The PCB is huge, which means there is a lot of space. This is nice as it allows you to go about populating it with all its components without fear of solder bridges or making other silly mistakes.

This kit is built in two stages: the audio amplifier is tacked and tested first, then the RF amp, regen detector and frequency tuning/switching. It also comes with a nice metal front panel.

I always use a vice to hold the PCB as it makes soldering on the underside easy.

The audio amp is the ubiquitous LM386, which is a smart choice. This hardy integrated circuit is so well tested, stable and easy to mess around with and it puts out a decent volume too.

One interesting feature of this kit is that it relies on two power sources: battery A, which is a 9V battery and battery B which is a 9-12V DC source. The reason for this is to keep the voltage supply independent of the audio amp to eliminate the chances of oscillator instability or AC hum, which is the curse of regen receivers of old.

Testing the first phase. Note my speaker box.

Once phase 2 had been completed, it was time to adjust the coil. This is easily done with the aid of a second receiver tuned to 6.9MHz. There are four bands that one can select by means of the band selection switches on the front panel. Band 1 covers 5.9 to 6.4MHz, band 2, 6.9 to 7.4MHz, band 3, 8.5 to 10.2MHz and band 4, 11.5 to 16.5MHz.

Once the board was completed and tuned it was time to fit the front panel. No knobs or enclosure comes with the kit. That’s my next project.

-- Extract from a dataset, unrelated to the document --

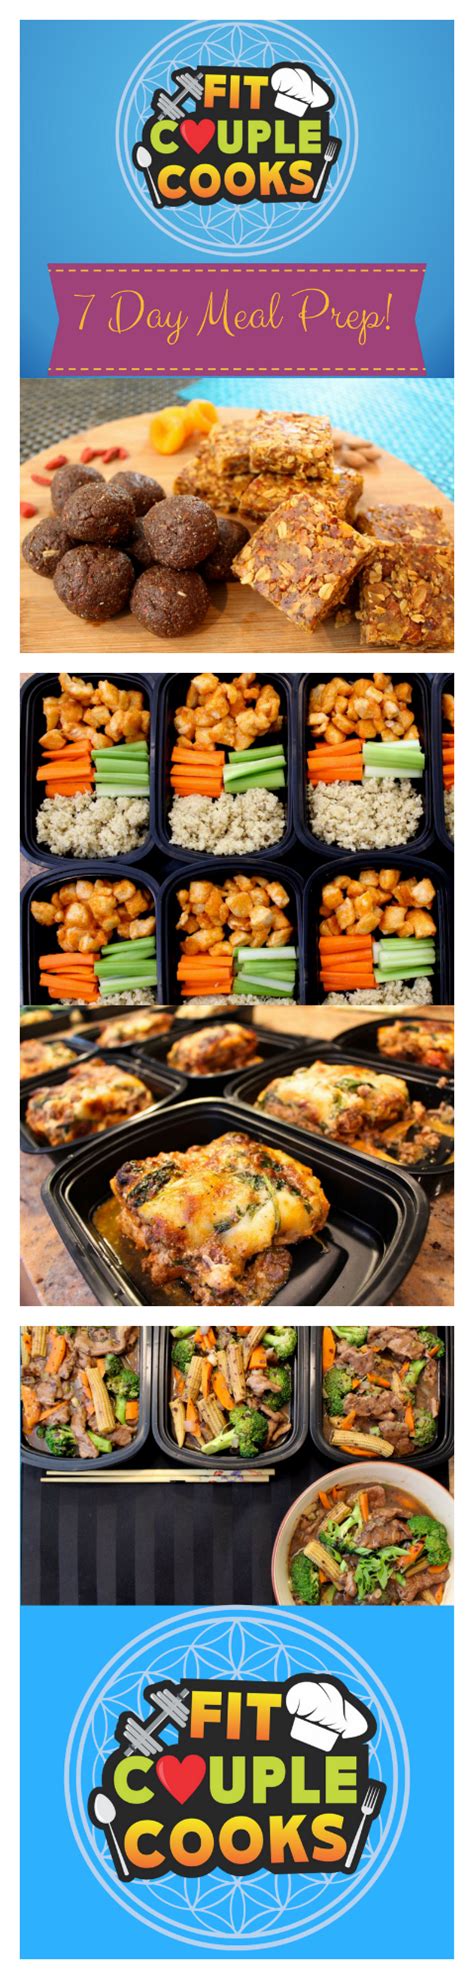 You Ve Been Asking So Here It Is A Full 7 Day Meal Prep Here Are The Links To The Recipes

So, how does this little rig perform? Surprisingly well with only 10ft of wire as an antenna. It is easy to tune and the volume from my stand alone speaker is fine for listening to across the room. I listened to the Boxing Day Cricket Test and thoroughly enjoyed it. So far I have only managed to pick up the ABC and one or two CW transmissions but that’s not the fault of the rig. The bands have been getting quieter by the year.

The Ten Tec 1054 on my shelf.

Next I will add some knobs and build a wooden enclosure to complete the project.